In contrast, this is not true for the sleep-augmented SSM-attention hybrid model, where increasing sleep duration (number of recurrent passes N) improves performance, with the largest gains on tasks that require deeper reasoning.

Read more about this research paper using this link.

Join the paid tier today to get access to all posts in this newsletter:

👾 What makes DeekSeek-V4 so good?
🌈 Diffusion LLMs, Explained Simply
📚 20 PyTorch Concepts, Explained Simply
👨‍🔬 Build and Train a Mixture-of-Experts (MoE) LLM from scratch
⌨️ Learn to train deep learning models on multiple GPUs
🚀 Train a Diffusion LLM from scratch (out this week)

and so many more!

Join 'Into AI' premium today

9. LocateAnything: Fast and High-Quality Vision-Language Grounding with Parallel Box Decoding

This research paper presents LocateAnything, a vision-language grounding and detection framework that replaces slow token-by-token coordinate generation with fast Parallel Box Decoding.

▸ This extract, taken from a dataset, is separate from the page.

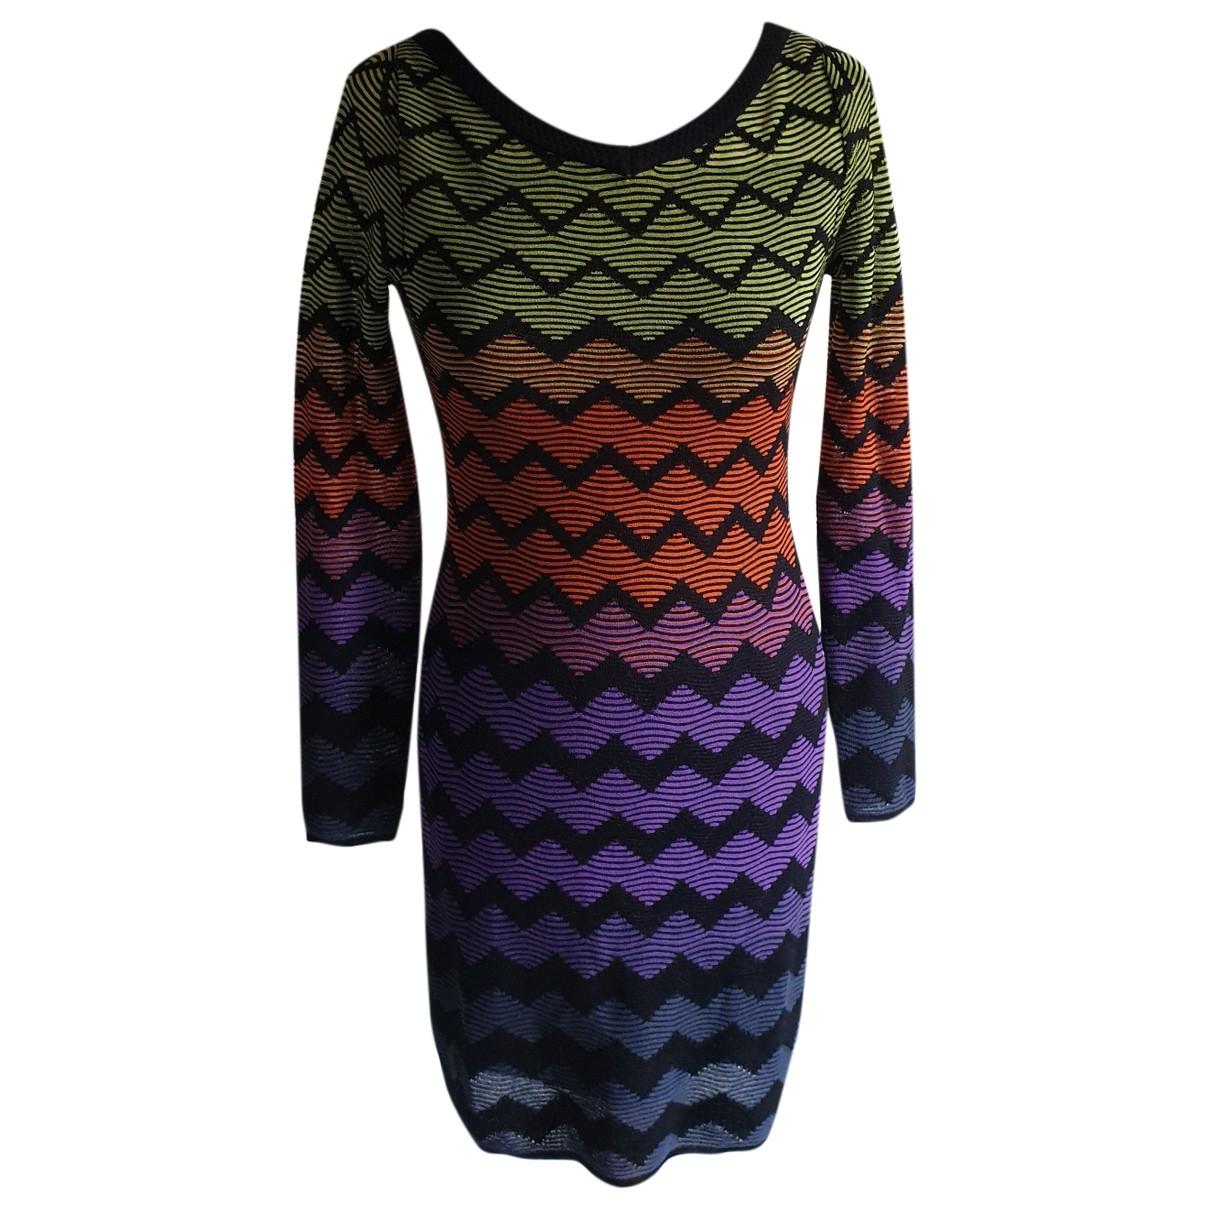 M Missoni \N Multicolour Cotton - elasthane dress for Women 38 IT

This method treats boxes or points as atomic geometric units, decoding them in one step, and improves both decoding throughput and localization consistency.

Researchers also developed a scalable data engine and curated LocateAnything-Data, a large-scale dataset with more than 138M training samples, which substantially increases data diversity for high-precision localization.

Evals show that LocateAnything advances the speed-accuracy frontier, achieving significantly higher decoding throughput while improving high-IoU (Intersection over Union) localization quality across different benchmarks.

Read more about this research paper using this link.

8. The MiniMax-M2 Series

This research paper presents the MiniMax-M2 series of highly sparse Mixture-of-Experts LLM models designed for efficient agentic work.

The flagship M2.7 model has:

229.9B total parameters
Activates only 9.8B per token
A 192K-token context and multi-token prediction for faster inference

This series uses three important components:

An agent-driven data pipeline that produces large-scale, verifiable trajectories across agentic coding and agentic co-work
Forge, a scalable agent-native RL system for long-horizon agentic tasks
A self-evolution mechanism in the M2.7 model, where the model autonomously debugs training runs and modifies its own scaffold.

Evals show that this series of models produces frontier-tier performance on agentic coding, deep search, office-task, and reasoning benchmarks, despite activating so few parameters per token.

The MiniMax M3 model is also out today, and we will discuss it in the next edition of the newsletter.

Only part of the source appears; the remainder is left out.